Saturday, February 16, 2013

Responsibility in Knowledge and Da’wa

‘Alî b. Abî Tâlib – Allah be pleased with him – said: Narrate to people what they can understand; do you want Allah and His Messenger to be disbelieved? Quoted by Al-Bukhârî, Al-Sahîh, Chapter about a person preferring some people with certain knowledge to the exclusion of others.

Ibn Hajr said in Fath Al-Bârî, “[In this narration] there is evidence that ambiguous knowledge should not be mentioned amongst the general public.”

Shaykh Muhammad b. Sâlih Al-‘Uthaymîn – Allah have mercy on him – explained this very important and often misunderstood point beautifully. After mentioning the narration of ‘Alî, he states: It is therefore an aspect of wisdom in da’wah (calling others to Allah) that you should not surprise people with things they are not able to comprehend. Rather, you should call them in stages, bit by bit until their minds settle…”

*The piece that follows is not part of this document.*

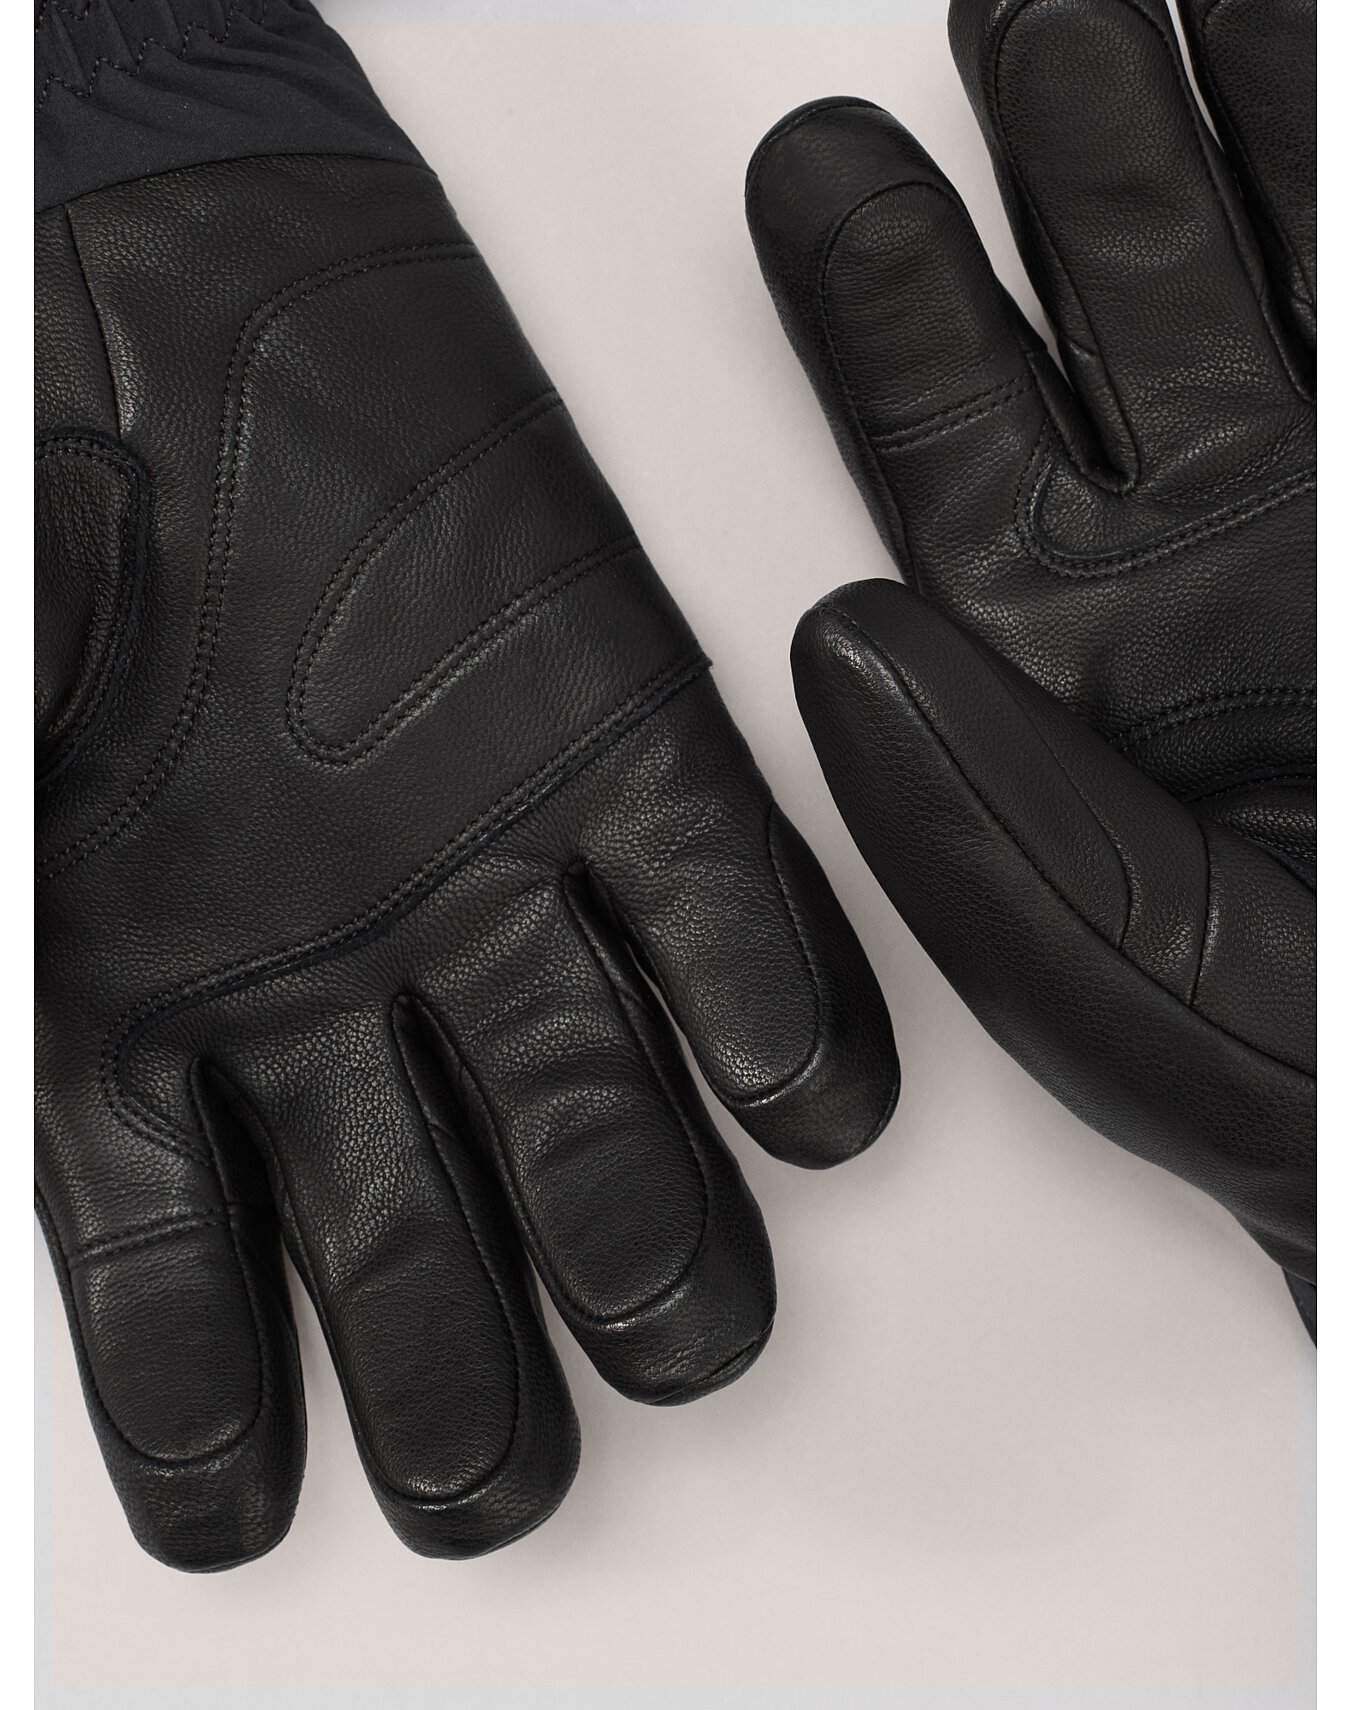 Sabre Glove | Arc'teryx
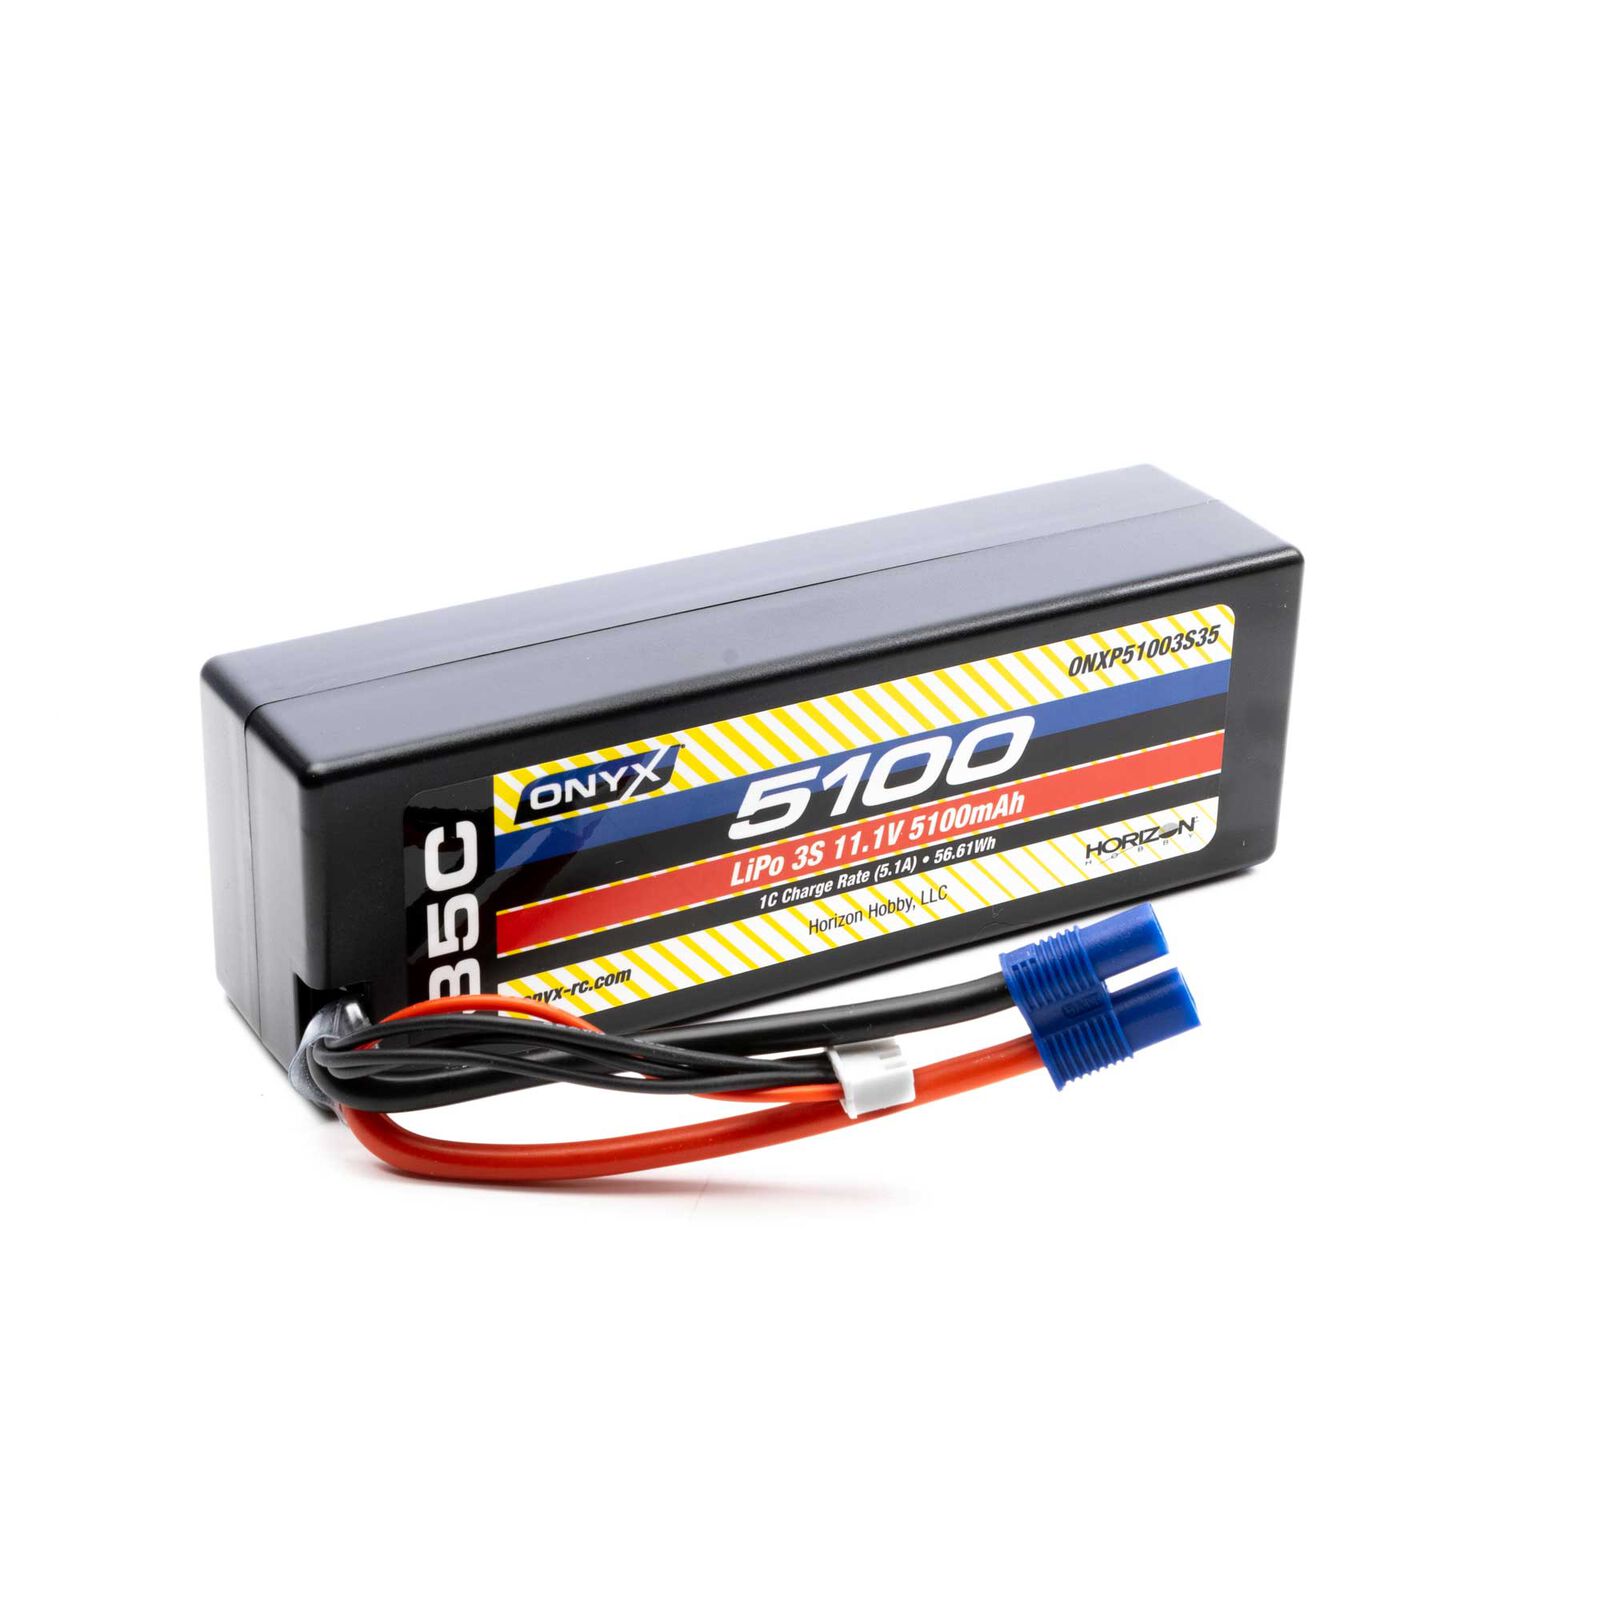 11.1V 5100mAh 3S 35C Hardcase LiPo Battery: EC3

He goes on to say: “[The statement of ‘Alî] ‘Do you want Allah and His Messenger to be disbelieved?’ is a rhetorical question, posed as a criticism of such behavior. It means: by narrating to people things they cannot understand do you want Allah and His Messenger to be disbelieved? This is because in such cases when you say, “Allah said, and His Messenger said” they will say you have lied if their minds cannot comprehend what you are saying. Here, they are not disbelieving Allah and His Messenger, but they are disbelieving you because of this speech that you have attributed to Allah and His Messenger. Thus they will end up disbelieving Allah and His Messenger – not directly – but by way of the one who transmits this knowledge (i.e. you).

Now if it is said: Should we stop telling people things they cannot understand even if they need to know?

The answer is: No, we do not leave this knowledge altogether, but we should tell them in a way that they will be able to understand. This is done by telling them stage by stage, bit by bit until they can accept the speech we want them to know and they can feel comfortable with it. We do not abandon knowledge that people cannot understand and just say ‘this is something they will reject or dislike so we will not speak about it.’

The same is the case with acting upon a Sunnah that people are not used to and which they might find objectionable. We should act by this Sunnah, but only after informing people about it, such that they will be able to accept it and feel comfortable about it.

We learn from this narration (of ‘Alî) that it is important to employ wisdom in calling to Allah, and that it is incumbent upon anyone who calls to Allah to consider the level of understanding of those he is inviting, and that he should put everyone in their proper place. [Majmû’ Fatâwâ Ibn ‘Uthaymîn Vol.10 p140.]